The body, spacious, timeless

  • Are we certain that all we can ever know is, in the first place, Awareness, our direct raw experience?
    “Awareness” meaning sensory awareness including our mental sense: all our “input” as we would say, speaking dualistically.
  • Does the full realisation then strike us that all we truly are is Awareness? Even any idea of what we are is itself a thought, Awareness.
  • This uncontrived, uncomplicated, unthought, unfiltered, natural immediate Awareness is Emptiness, this is Awakened mind which we then conceptualise, frame, elaborate,and believe, thus obscuring its Awake-ness.

To break through to this recognition, freeing ourselves of the usual view we take on our experience, we can approach through appreciating spacioiusness, and timelessness. Meditation can allow us to notice the edgeless, boundless, spaciousness of experience, as its inherent quality. If we meditate with bodily sensations as our focus, we feel them as an abstract display, distinct spatially. Staying with this mysterious wonder, we actually experience something quite different from our usual idea of what our body is: solid, continuous, a fixed object.

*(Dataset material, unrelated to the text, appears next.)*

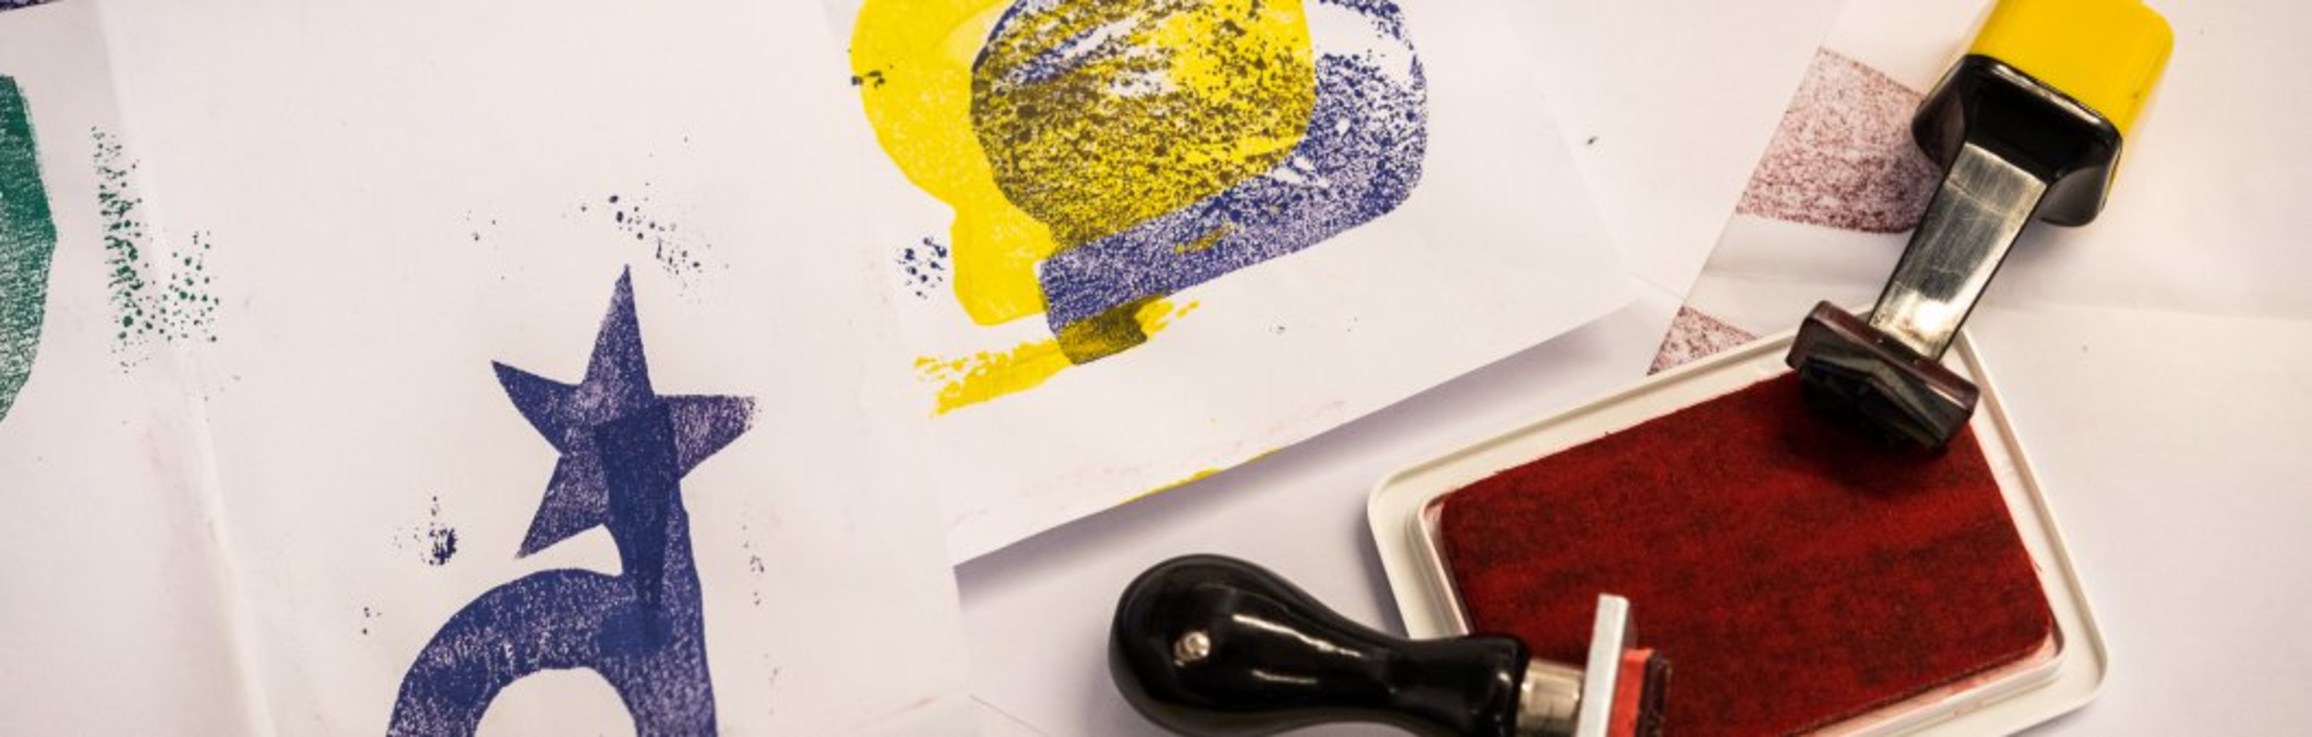 Visita dinamitzada al voltant de l’ obra de Joan Miro

We could also become focussed upon the impermanent aspect of these sensations, their continual change. They are so instantaneous, spontaneously arising like a firework display or a piece of music, an unstoppable flow, never still, without any fixed present moment we could isolate. LIke a river or a sound, the flow IS the body. Everything is so immediate that all that appears is instantly gone, nothing there to fix upon. Again, this contradicts our notion of our body as a mass of physical flesh and bone.

My material body, no sensations under anaesthetic!
body as material

These meditations can undermine our belief that our view of the body is the ultimate truth of it. Not that we need abandon our material view, rather we can notice that it is a view, a way of seeing, of approximating a concept from our uncatchable experience. We know now that the raw experience is the ground upon which any view is constructed, even if we only have the briefest of glimpses of it.

We can observe our body as sensation-space and sensation-instantaneousness at the same time, becoming familiar with how sensation fundamentally is. Of course this is true for all our experience: could we stop an instant of thought? Or see it as a solid thing? We can discover ourselves as such an evanescent, unfindable, unstoppable, spacious, timeless experience. Everything, body, thoughts, and our “world” are just this.